"It was Candace's decision and she felt she needed to get her body 100 percent healthy," Toler told Doug Feinberg of The Associated Press. "She wanted to be the best she could be for herself and the team. What we're doing is supporting her in that decision."
Parker, who turns 29 on April 19, averaged 19.4 points, 7.1 rebounds and 4.3 assists per game last season. She is a three-time All-Star and five-time All-WNBA selection and has been the foundational star for the Sparks since arriving as the first pick in the 2008 draft.
In addition to her Sparks commitment, Parker also plays for Russian Premier League club UMMC Ekaterinburg. Like many of her peers, the overseas commitment creates an onerous schedule that more and more stars have considered scaling back.
Phoenix Mercury guard Diana Taurasi, Parker's teammate on UMMC, already announced she would sit out the 2015 season due to fatigue. For Taurasi, the decision was largely financial. UMMC, which pays the seven-time All-Star $1.5 million per season, told Taurasi it would prefer she scaled back her schedule to stay healthy.

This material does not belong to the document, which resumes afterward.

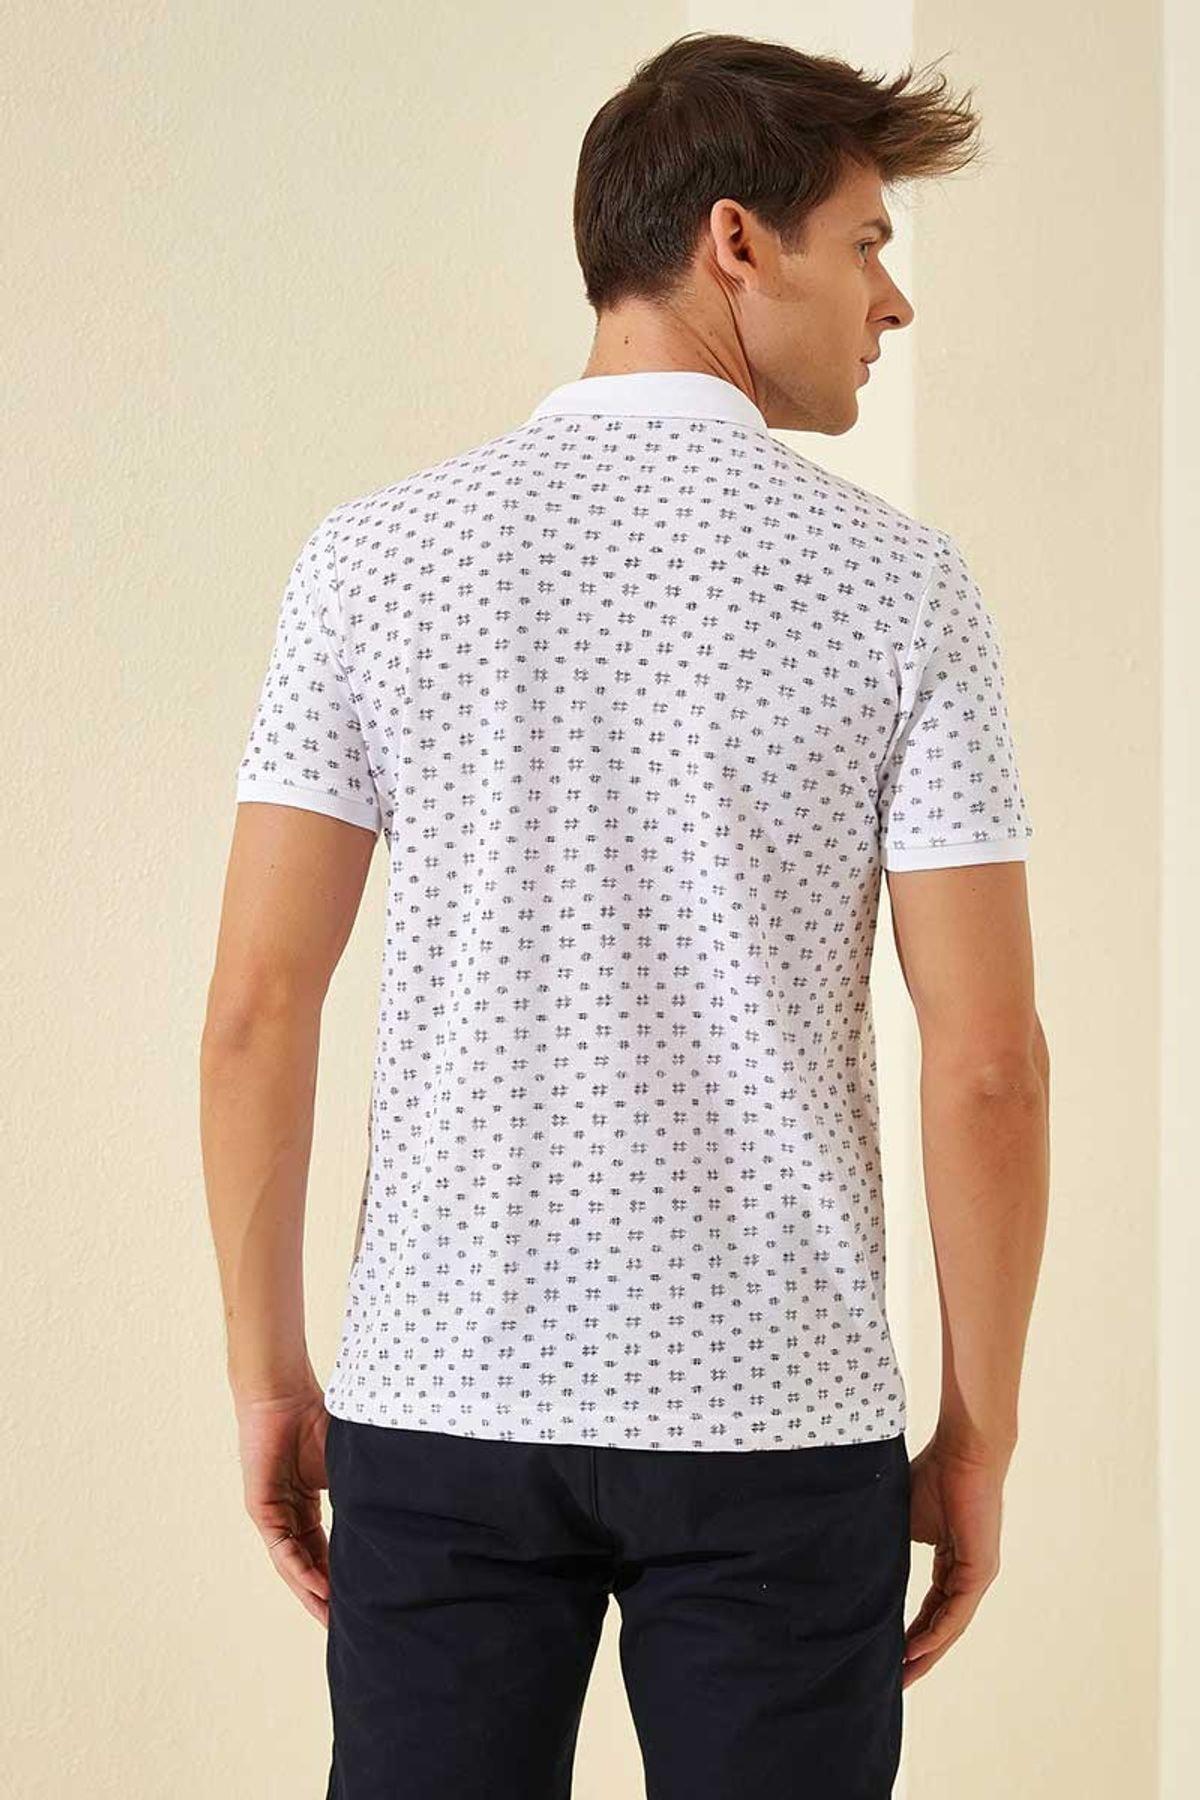 Tommy Life Klasik Desenli Polo Yaka Beyaz-Lacivert Erkek Tshirt T08ER-87795_1 2

"Since 2004, when I started professional basketball, it has been a cycle, a cycle that I have enjoyed so much," Taurasi told Kate Fagan of espnW.com. "With my team in Russia, a conversation began about making sure I'm at an elite level for a long time with them. I put everything on the table and weighed all my options and made the best decision."
UMMC pays Parker $1.2 million per season, according to a 2011 report by Melissa Rohlin of the Los Angeles Times. By contrast, the WNBA maxes out player salaries at $107,000. Unlike Taurasi, though, Parker said she's not being financially incentivized and currently plans to return to the Sparks at some point in 2015.
"Candace told me this is not a financial decision," Toler told Feinberg. "She told me she's not getting paid at all (by her Russian club). She feels she would like to play 100 percent healthy and be the best she could be to have an opportunity to win a championship."
Regardless of her motivation, the decisions by Parker and Taurasi set up a potential issue in the short and long term. Despite financial backing from the NBA, the WNBA simply does not earn enough revenue to compete financially with overseas clubs.
Six teams have folded since the league's inception, including the Houston Comets, who have a record four WNBA championships. Ownership issues nearly cost the league the Sparks until a group backed by Magic Johnson swooped in and purchased the team.
With overseas teams able to offer 10-15 times as much money as WNBA franchises, it will be interesting to see how many players like Taurasi and Parker follow suit. Young players who need to market themselves to the United States fanbase will likely continue to play in the WNBA, but resting during the season is becoming a trend for veterans with already established resumes.